▶ INFORMATION SHOWN:
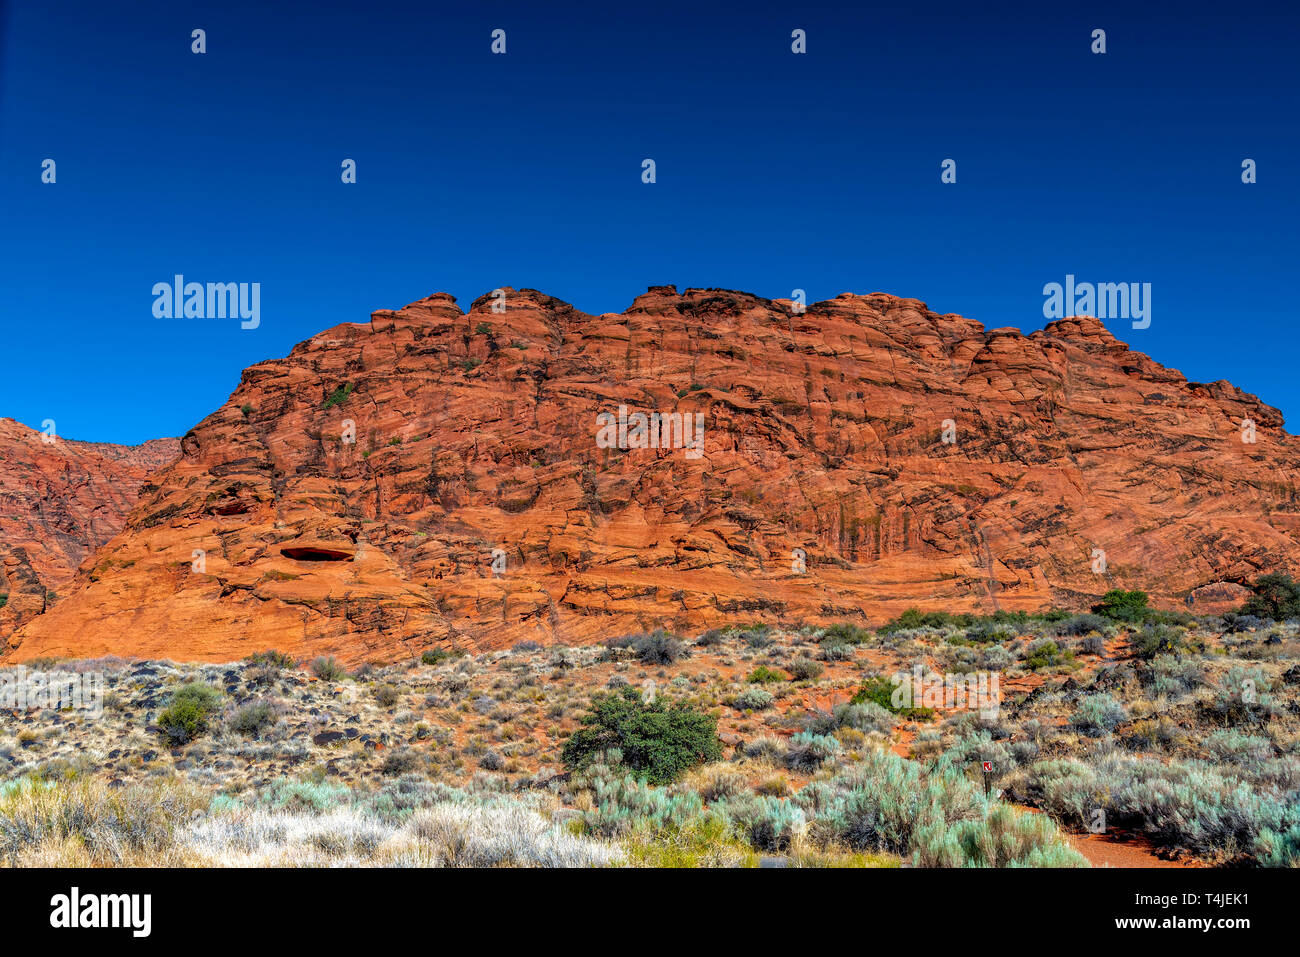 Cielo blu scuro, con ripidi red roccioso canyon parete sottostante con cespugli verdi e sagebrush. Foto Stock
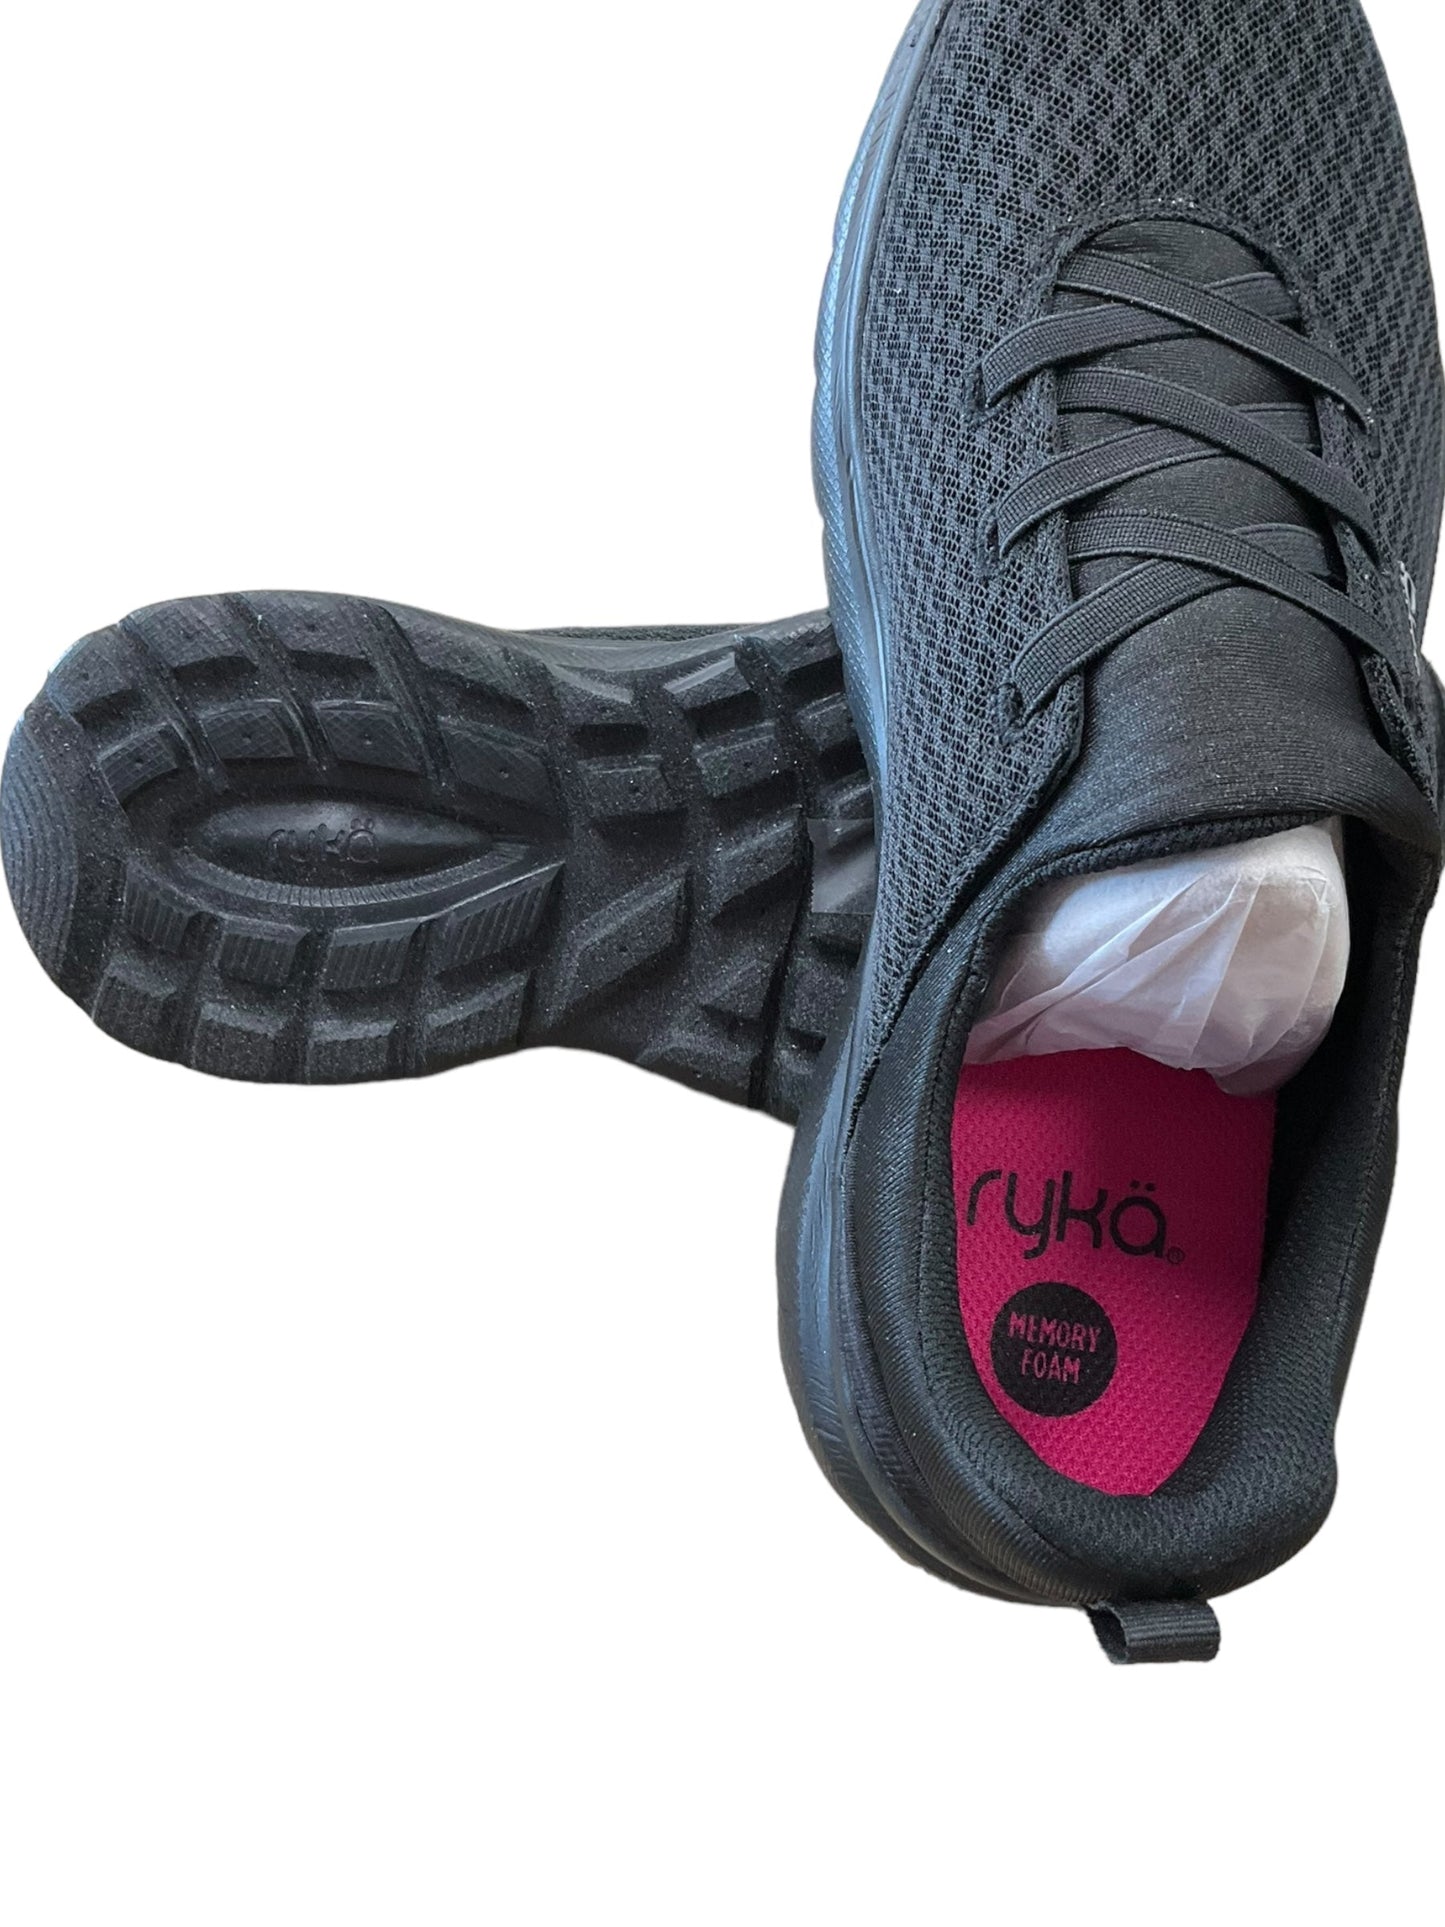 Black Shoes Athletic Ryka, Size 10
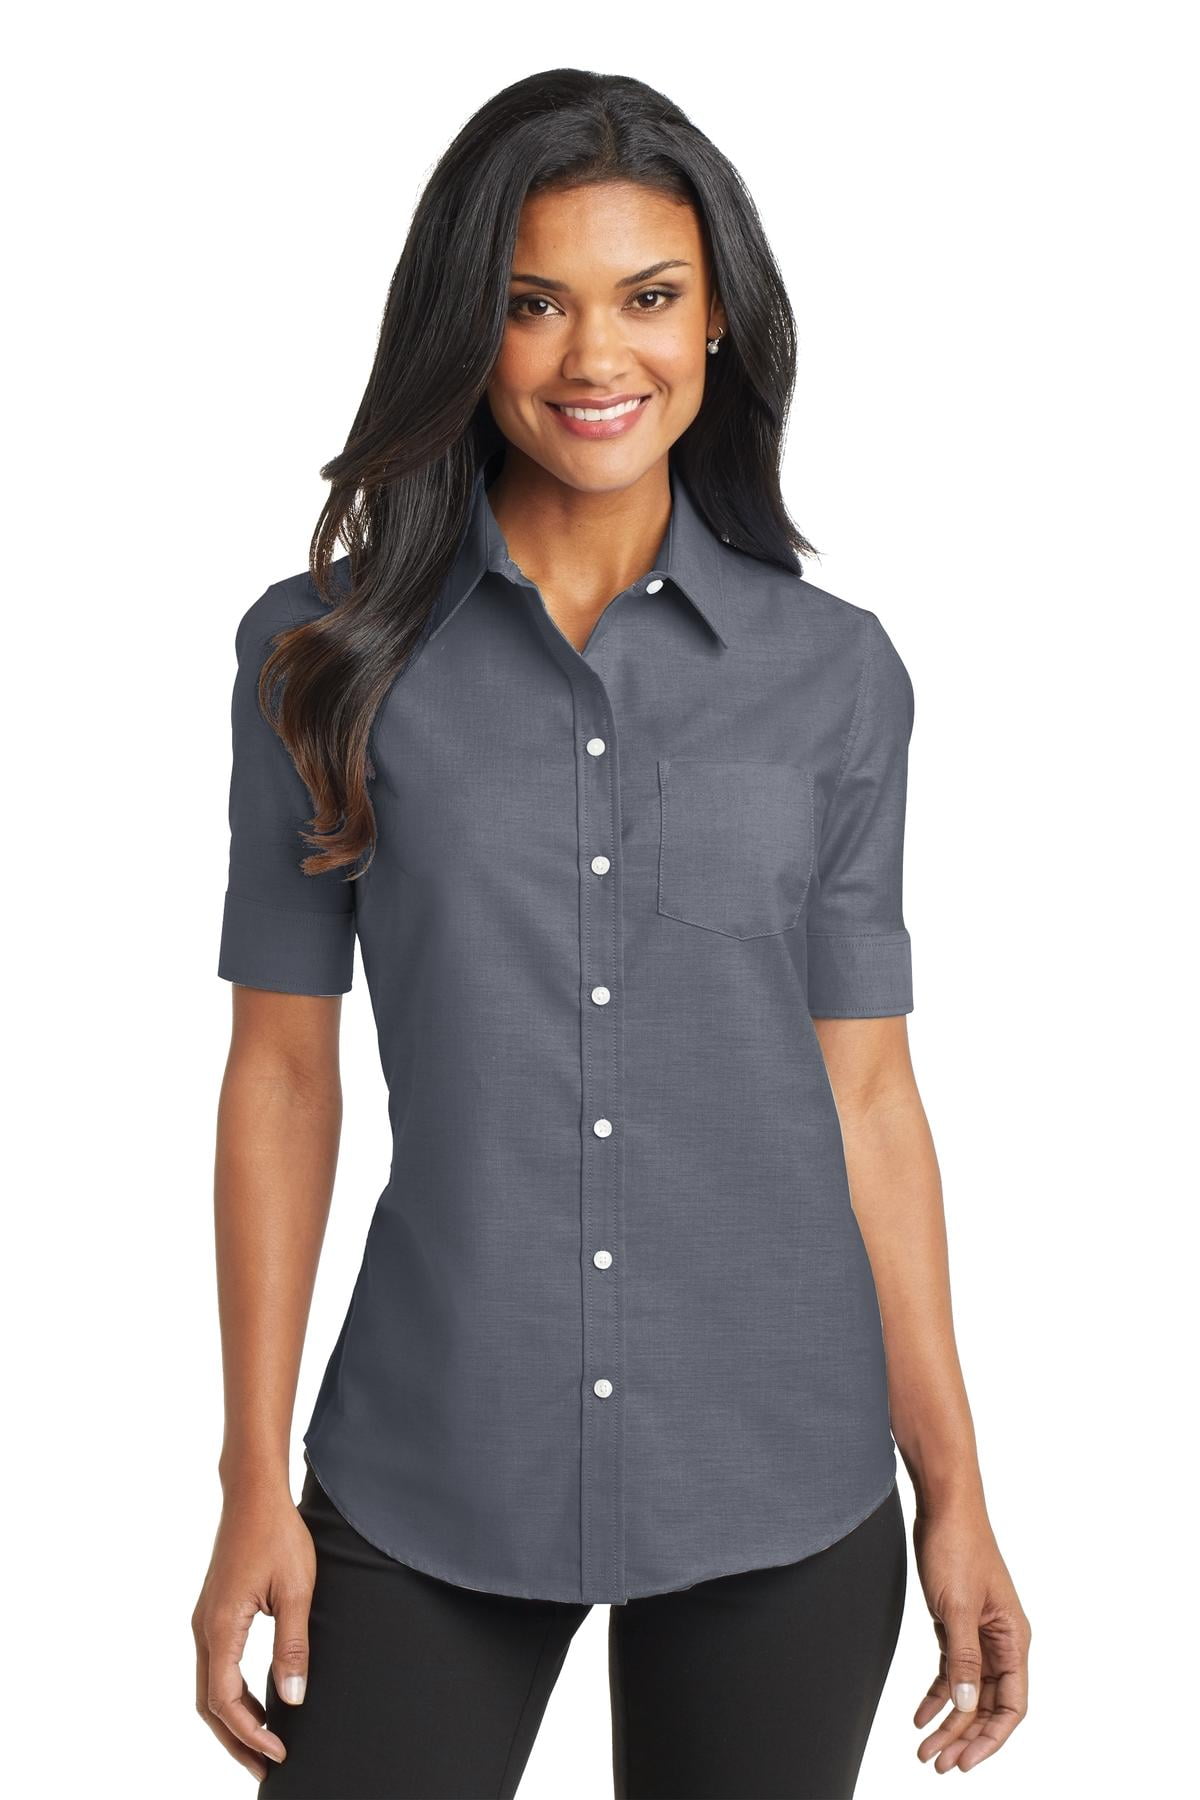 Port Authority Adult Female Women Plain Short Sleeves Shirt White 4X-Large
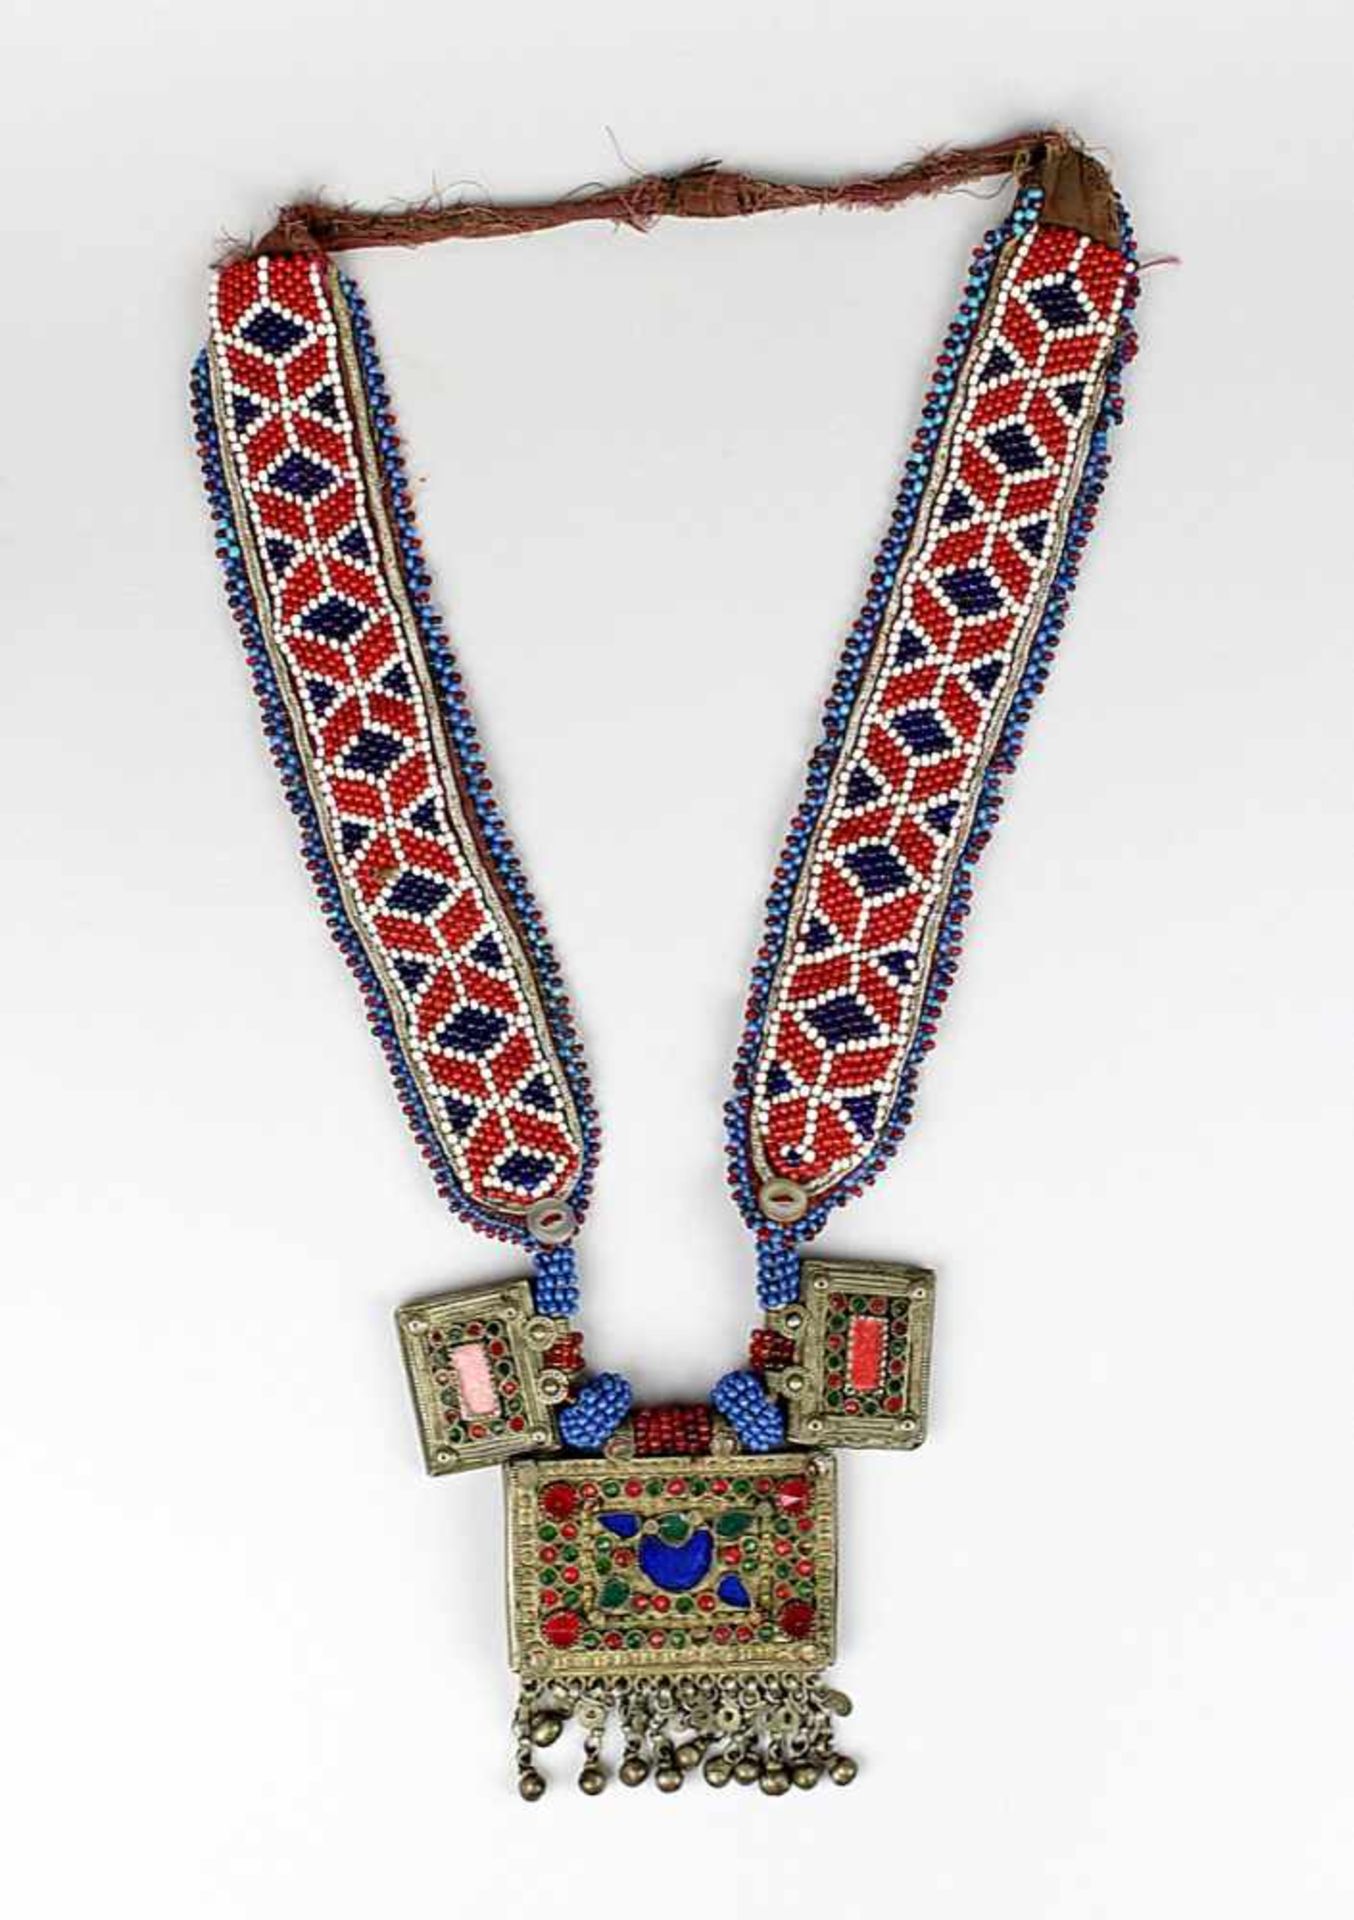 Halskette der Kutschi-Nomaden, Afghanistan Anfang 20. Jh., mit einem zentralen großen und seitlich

▶ TASK TO CARRY OUT:
Return the material above verbatim. Pictures are to be excluded.

▶ TASK SOLUTION:
 Cielo blu scuro, con ripidi red roccioso canyon parete sottostante con cespugli verdi e sagebrush. Foto Stock
 Black Shoes Athletic Ryka, Size 10
 Port Authority Adult Female Women Plain Short Sleeves Shirt White 4X-Large
 Halskette der Kutschi-Nomaden, Afghanistan Anfang 20. Jh., mit einem zentralen großen und seitlich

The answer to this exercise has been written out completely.